- Episode no.: Season 5 Episode 7
- Directed by: Sylvain White
- Written by: Noah Hawley; April Shih;
- Cinematography by: Daryl Hartwell
- Editing by: Robin August
- Production code: XFO05007
- Original air date: December 26, 2023
- Running time: 47 minutes

Guest appearances
- Kari Matchett as Linda Tillman; Queeny Kuffour as Lynda; Sorika Wolf as Lindo; Clare Coulter as Irma; Laurent Pitre as Irma's Son; Kristin Rudrüd as Jean Lundegaard (photograph);

Episode chronology
| ← Previous "The Tender Trap" | Next → "Blanket" |
- Fargo season 5

= Linda (Fargo) =

"Linda" is the seventh episode of the fifth season of the American anthology black comedy–crime drama television series Fargo. It is the 48th overall episode of the series and was written by series creator Noah Hawley and April Shih, and directed by Sylvain White. It originally aired on FX on December 26, 2023.

The season is set in Minnesota and North Dakota in the fall of 2019, and follows Dorothy "Dot" Lyon, a seemingly typical Midwestern housewife living in Scandia, Minnesota, whose mysterious past comes back to haunt her after she lands in hot water with the authorities. One of those authorities is North Dakota Sheriff Roy Tillman, who has been searching for Dot for a long time. In the episode, Dot embarks on a journey to right some past wrongs, and Gator escalates his conflict with Munch.

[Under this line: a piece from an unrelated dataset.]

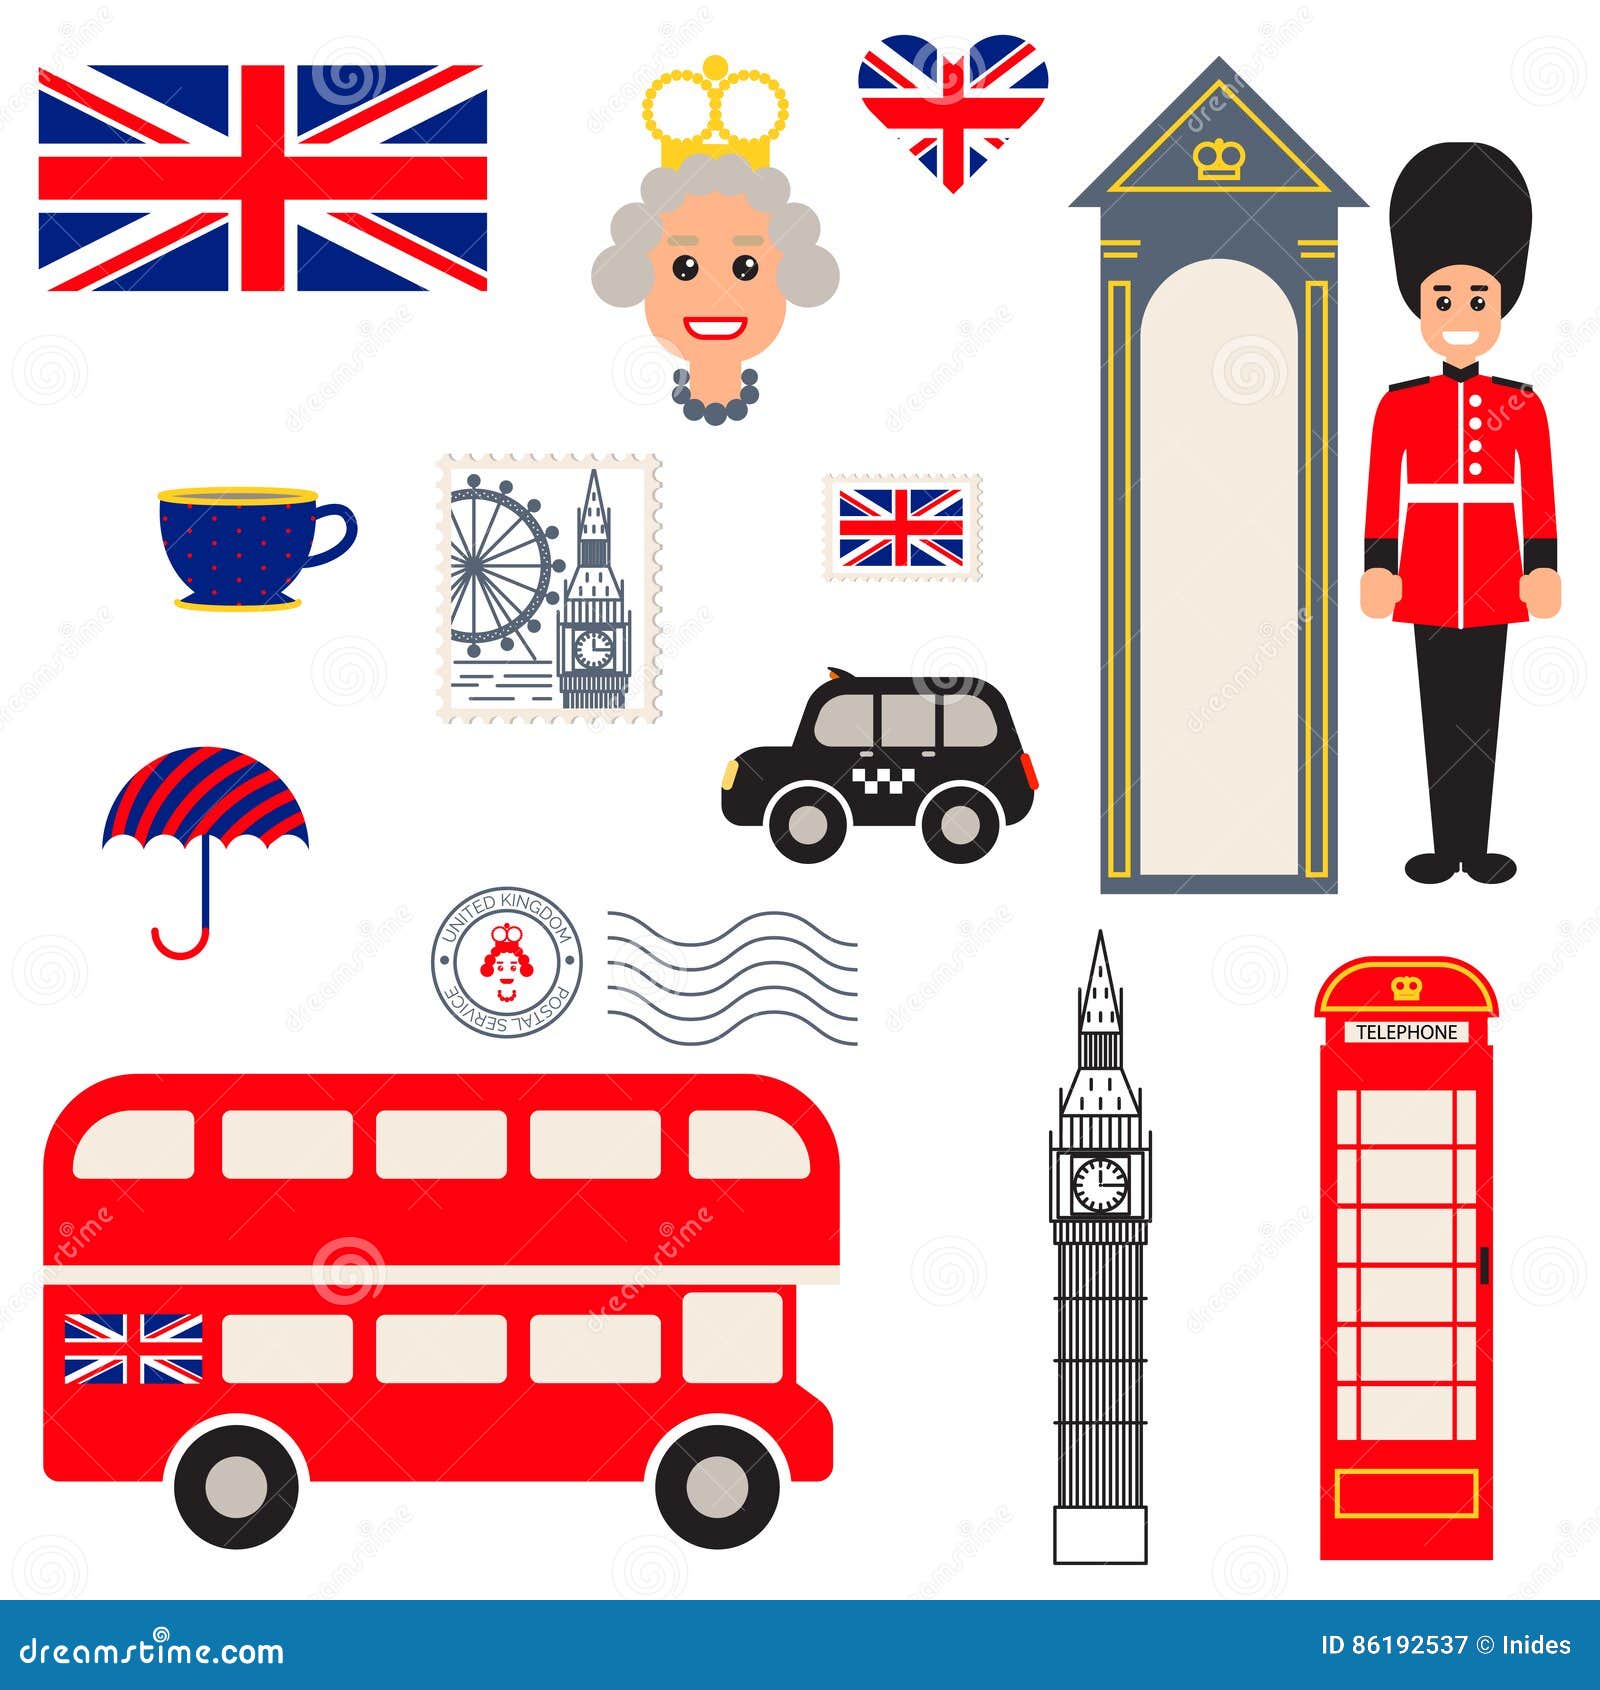 创意卡通英国国旗插画素材免费下载 - 觅知网

According to Nielsen Media Research, the episode was seen by an estimated 0.576 million household viewers and gained a 0.08 ratings share among adults aged 18–49. The episode received extremely positive reviews from critics, who praised the episode's originality and information regarding Dot's past. However, some weren't enthralled with the episode's twist.

==Plot==
At the house owned by the elderly Irma (Clare Coulter), her son (Laurent Pitre) arrives, verbally abusing her and asking for money. When he discovers Munch (Sam Spruell) is living there, he demands Munch start paying rent. Munch hands him a large roll of bills, but as the son starts to leave with the money, Munch murders him with an axe.

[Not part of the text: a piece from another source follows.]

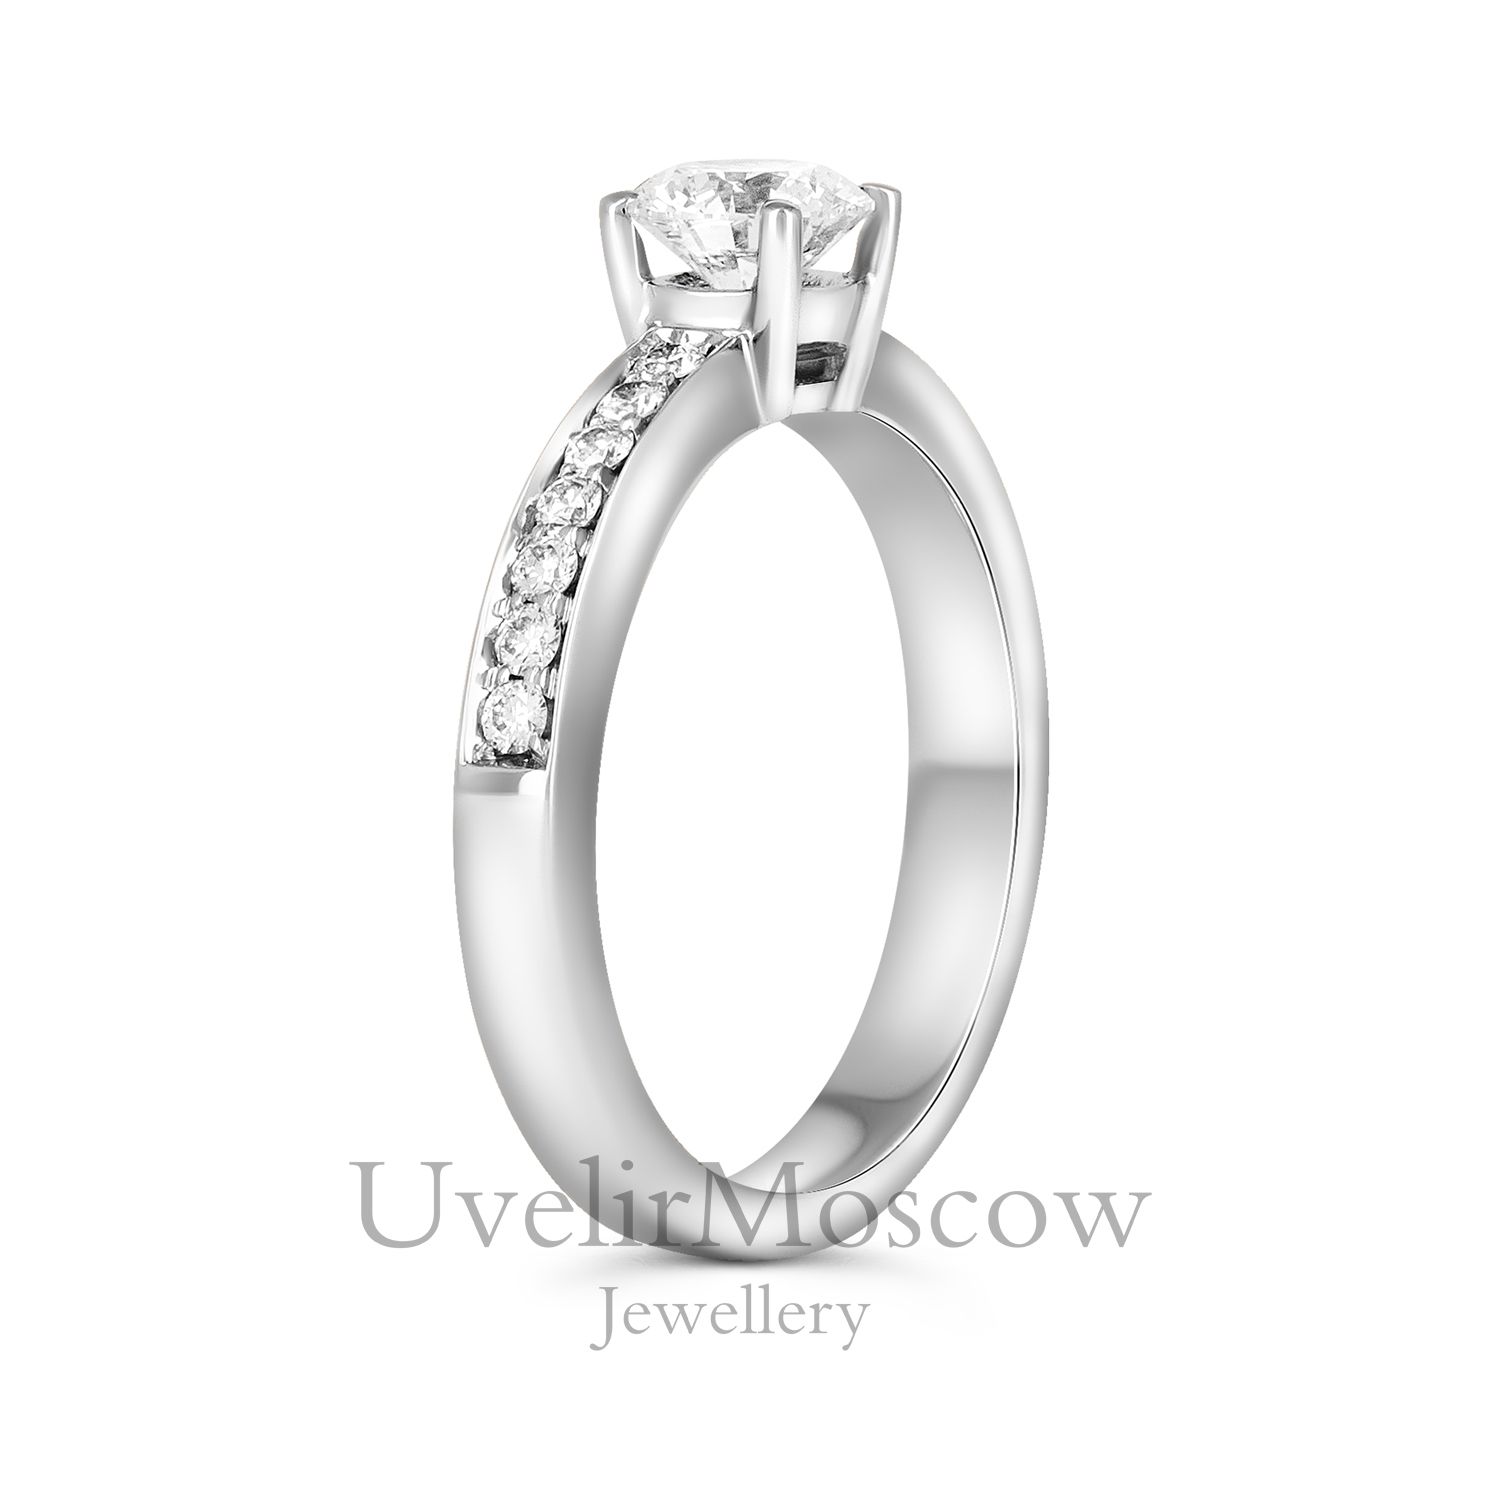 Нежное помолвочное кольцо с бриллиантовой дорожкой

Dot (Juno Temple), driving a long distance, nearly falls asleep while dreaming of her family before stopping for pancakes at a roadside diner. Continuing her trip, she uncovers a cache containing a postcard for Camp Utopia (signed "Linda"). There, she learns that Linda Tillman (Kari Matchett), Roy's (Jon Hamm) first wife, is operating a refuge for women who have left abusive partners, all of them taking the name "Linda" during their stay. Dot's return to Camp Utopia is initially rocky; she struggles to fit in with the camp's routines and accuses Linda of being complicit in her abuse by Roy and disappearing from her life. As Linda denies this, the camp organizes a "trial" for the two via a puppet show to defend their versions of events.

Meanwhile, Gator (Joe Keery) loads a rifle and tracks the signal to Munch's car, finding him rocking in a chair inside a nearby house. He shoots at the figure through the window, but it was only the corpse of Irma's son, being rocked by a concealed Munch pulling a rope. Gator attempts to retrieve the bag of money still sitting in Munch's car but is attacked by Irma. Gator pushes her away, causing her to hit her head on the sidewalk, killing her. Munch comes outside and surveys the scene with an anguished look.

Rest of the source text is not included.